What you need to do
Your answer must be the exact lines of the listing below that run from the line with "Orange Jack Logo - Cat & Jack" to the line with "Scottsdale Chamber of Commerce Badge", ends included, and no pictures.

Data extracts
·····

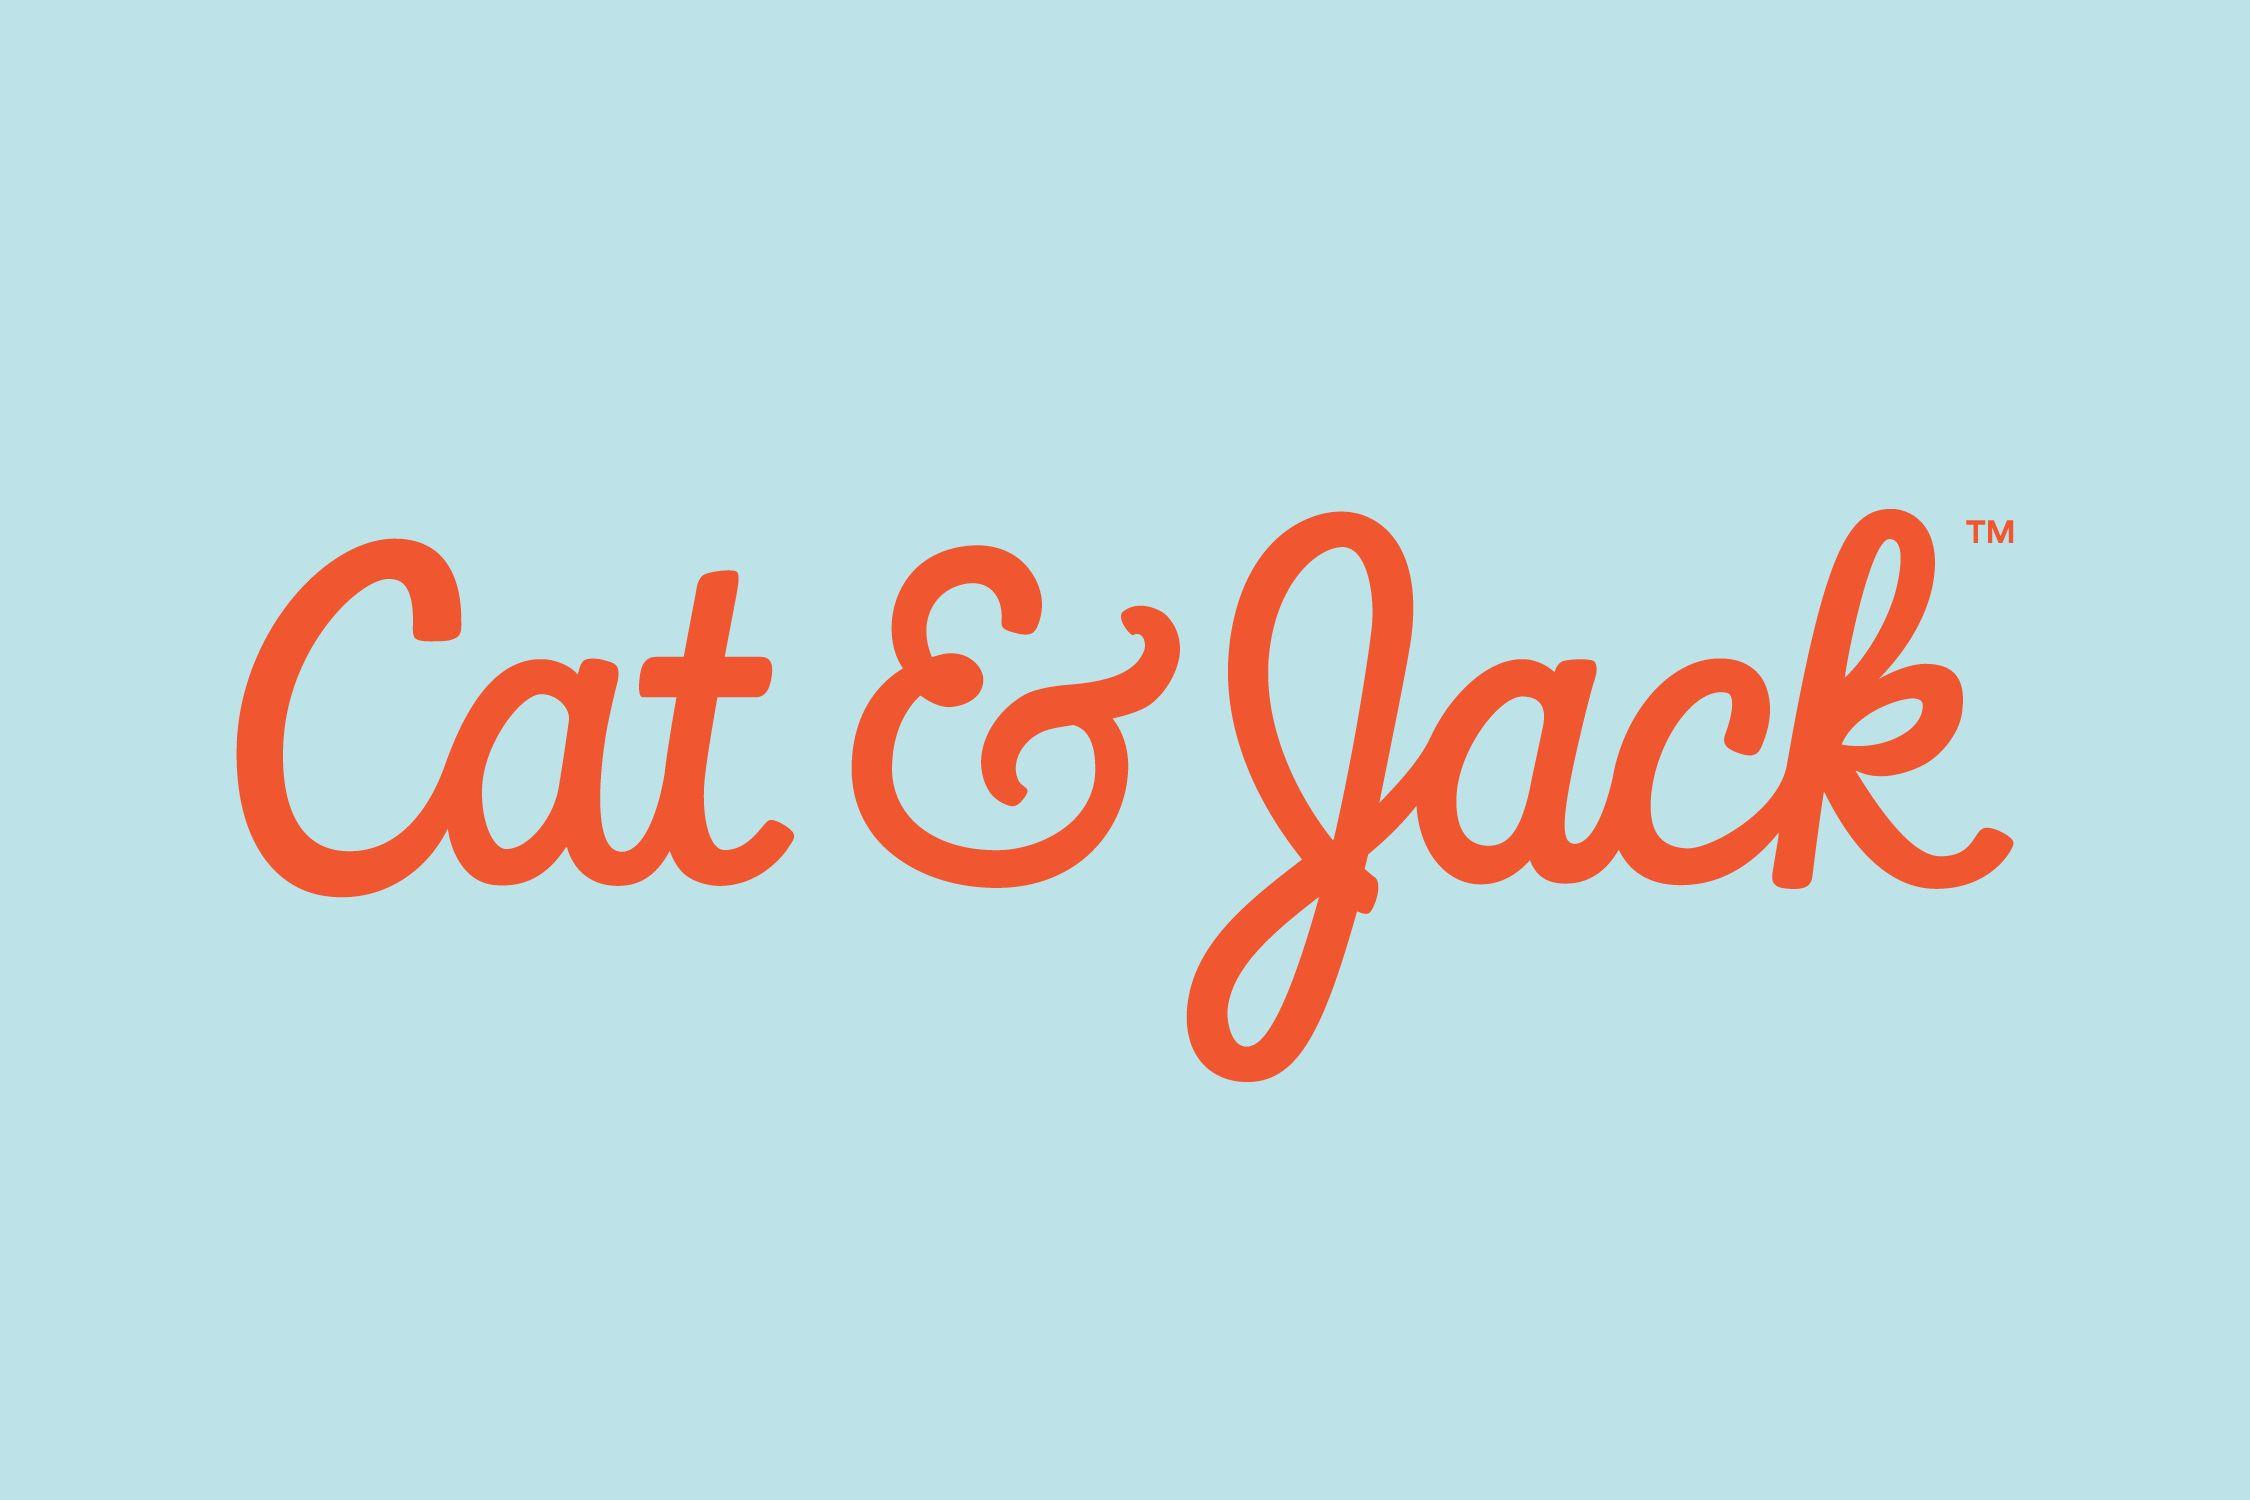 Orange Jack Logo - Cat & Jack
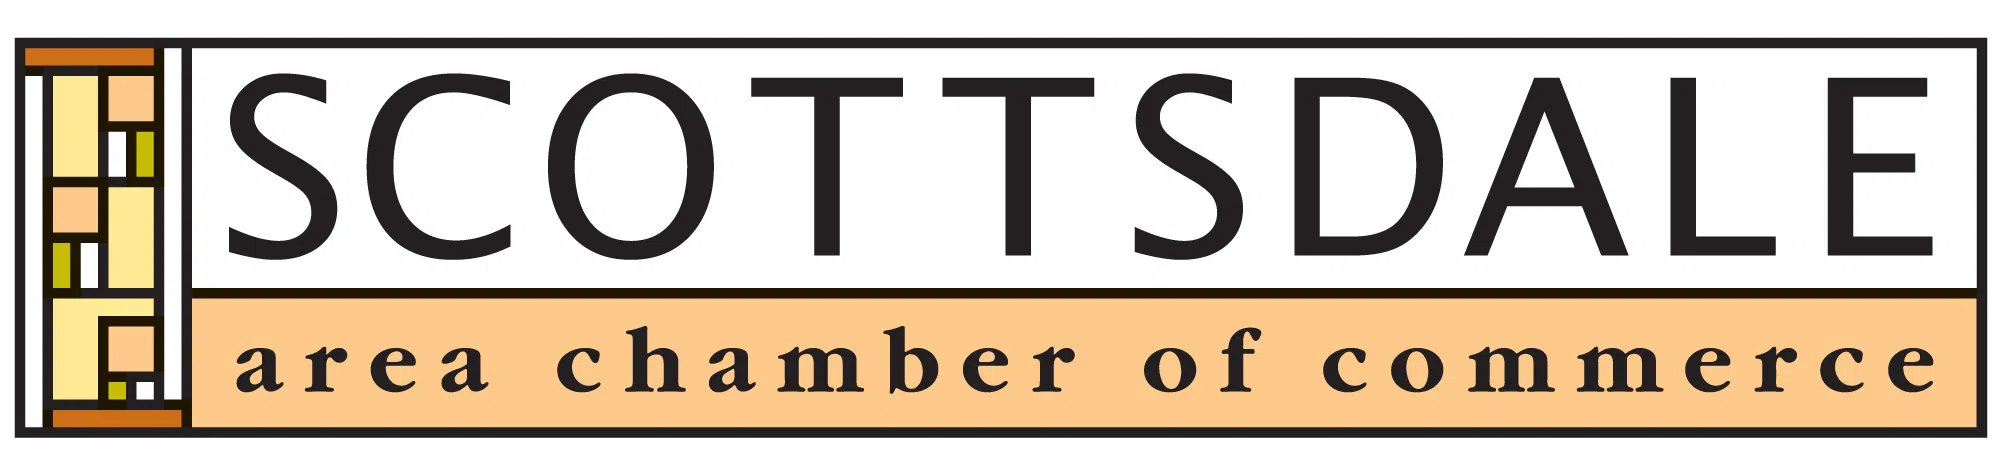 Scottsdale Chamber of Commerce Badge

·····

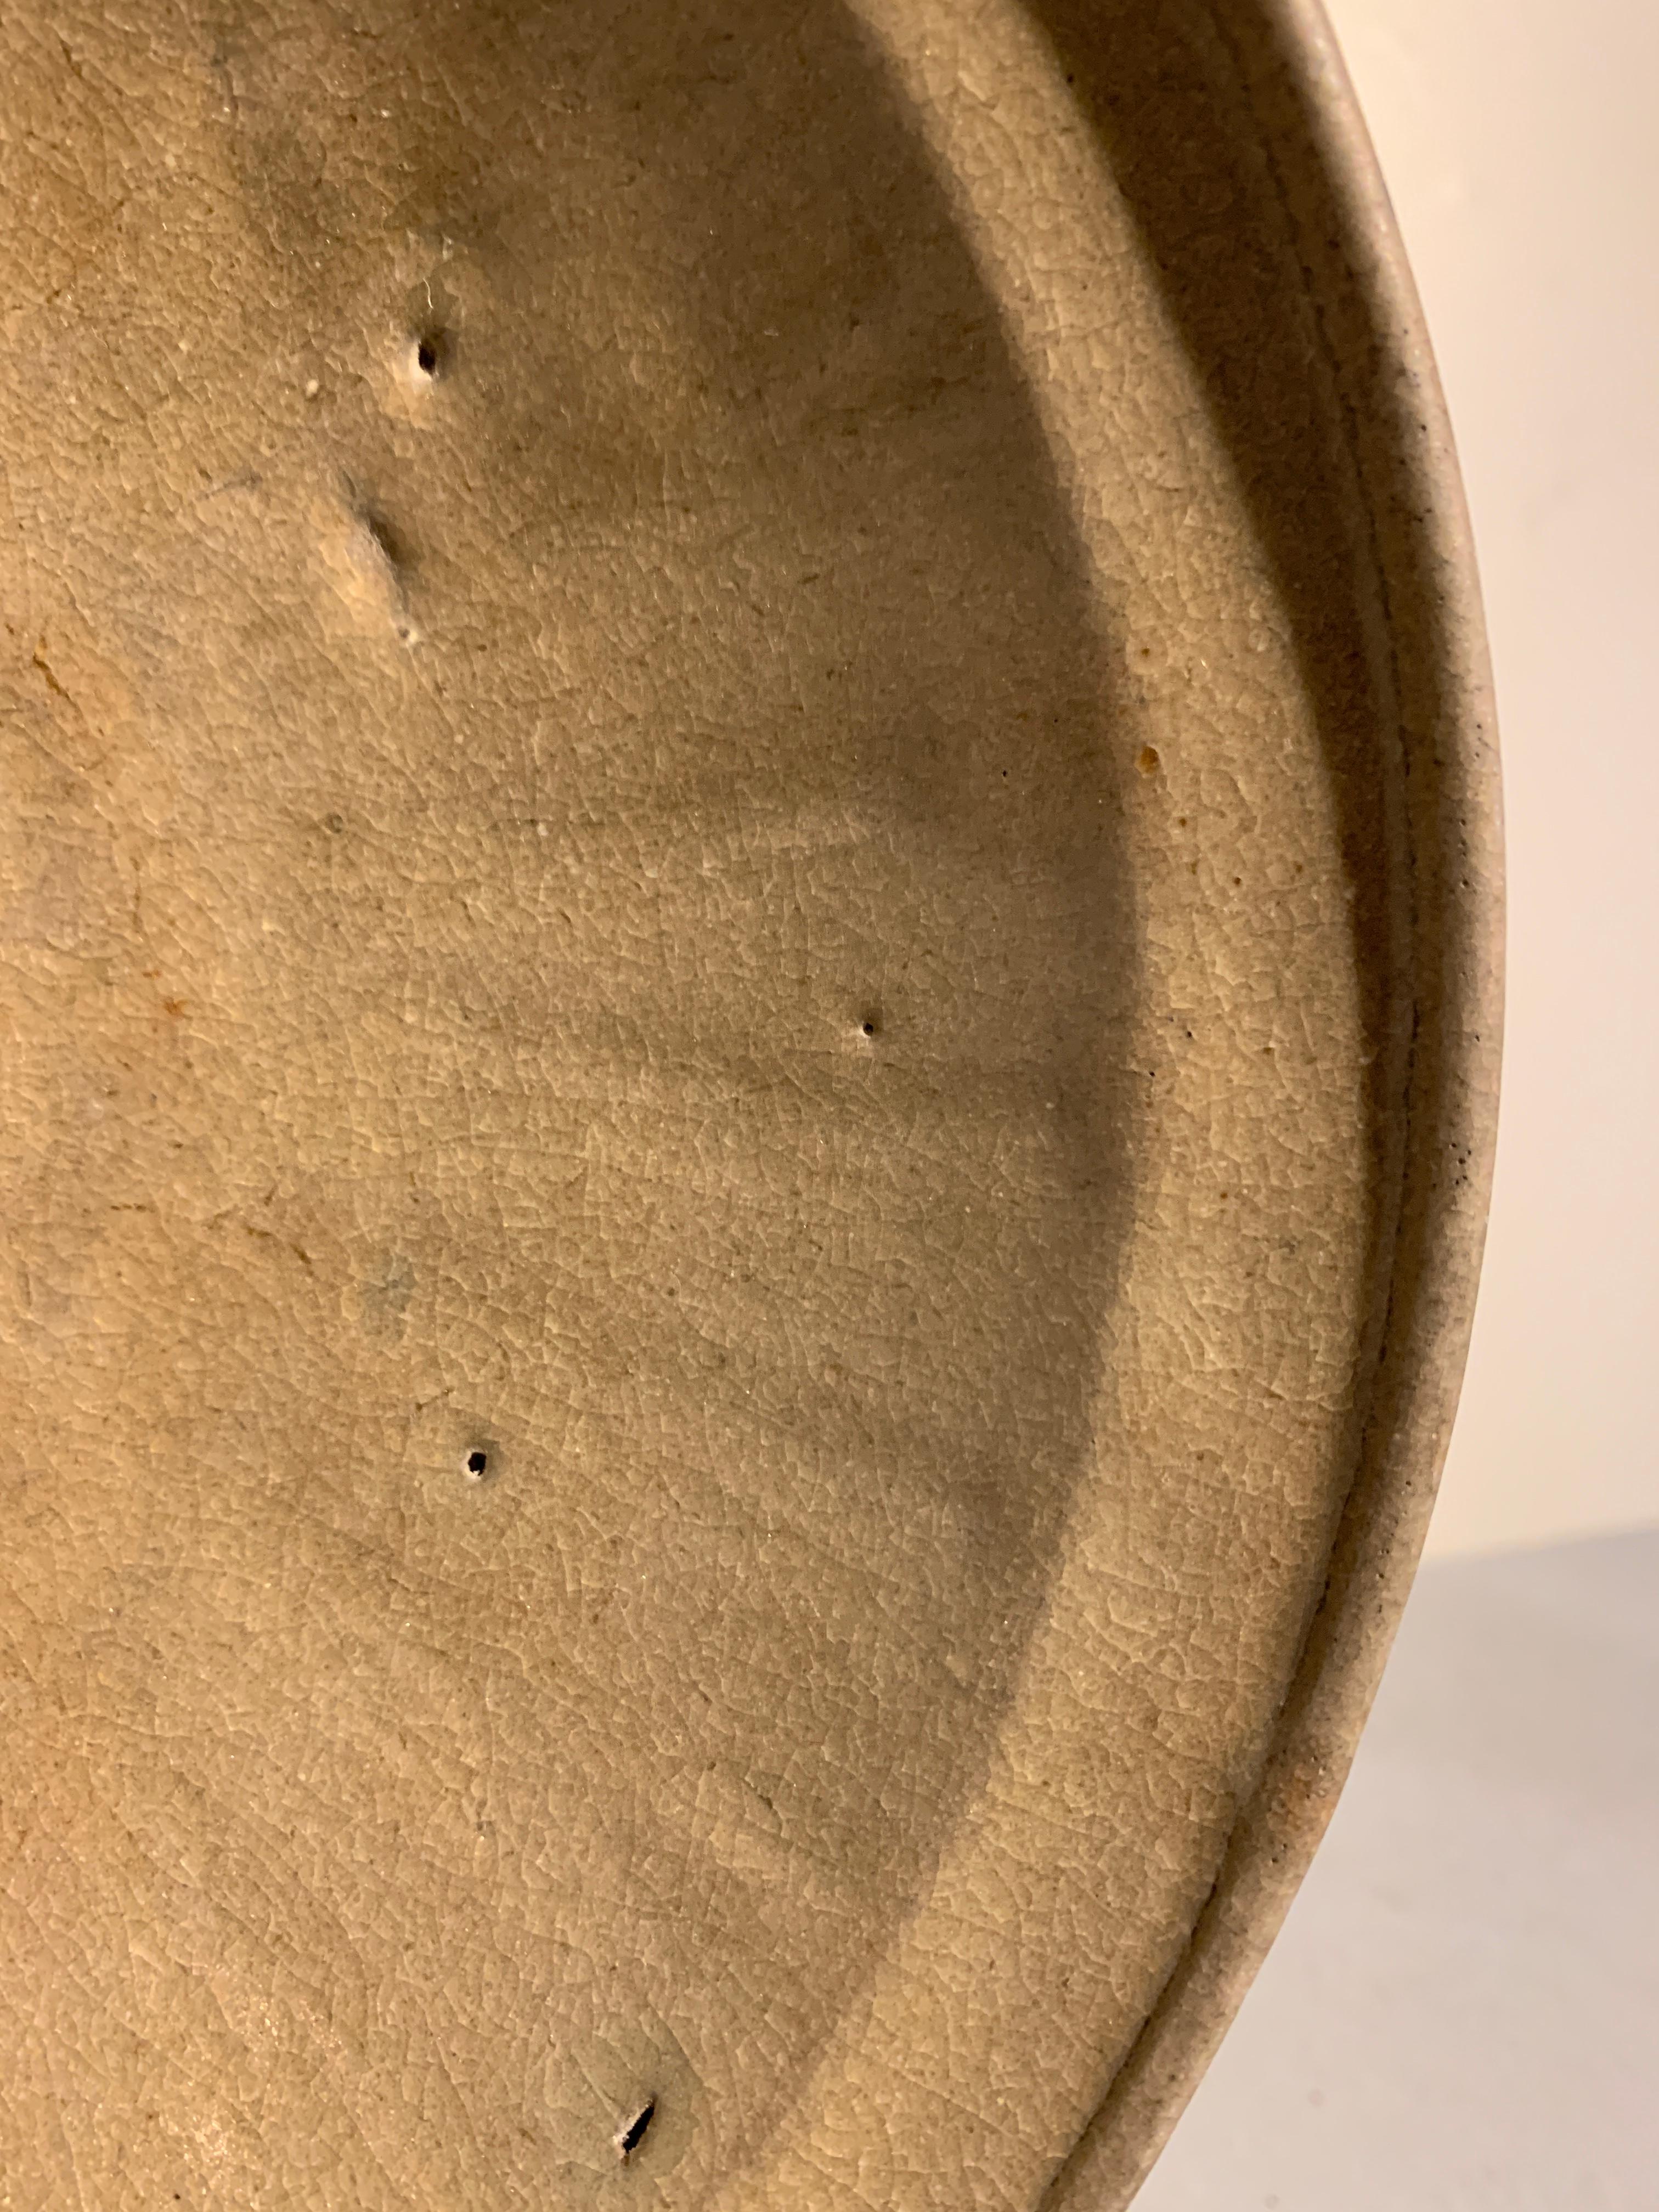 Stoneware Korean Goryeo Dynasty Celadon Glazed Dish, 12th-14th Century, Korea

·····

Result for this exercise
 Orange Jack Logo - Cat & Jack
 Scottsdale Chamber of Commerce Badge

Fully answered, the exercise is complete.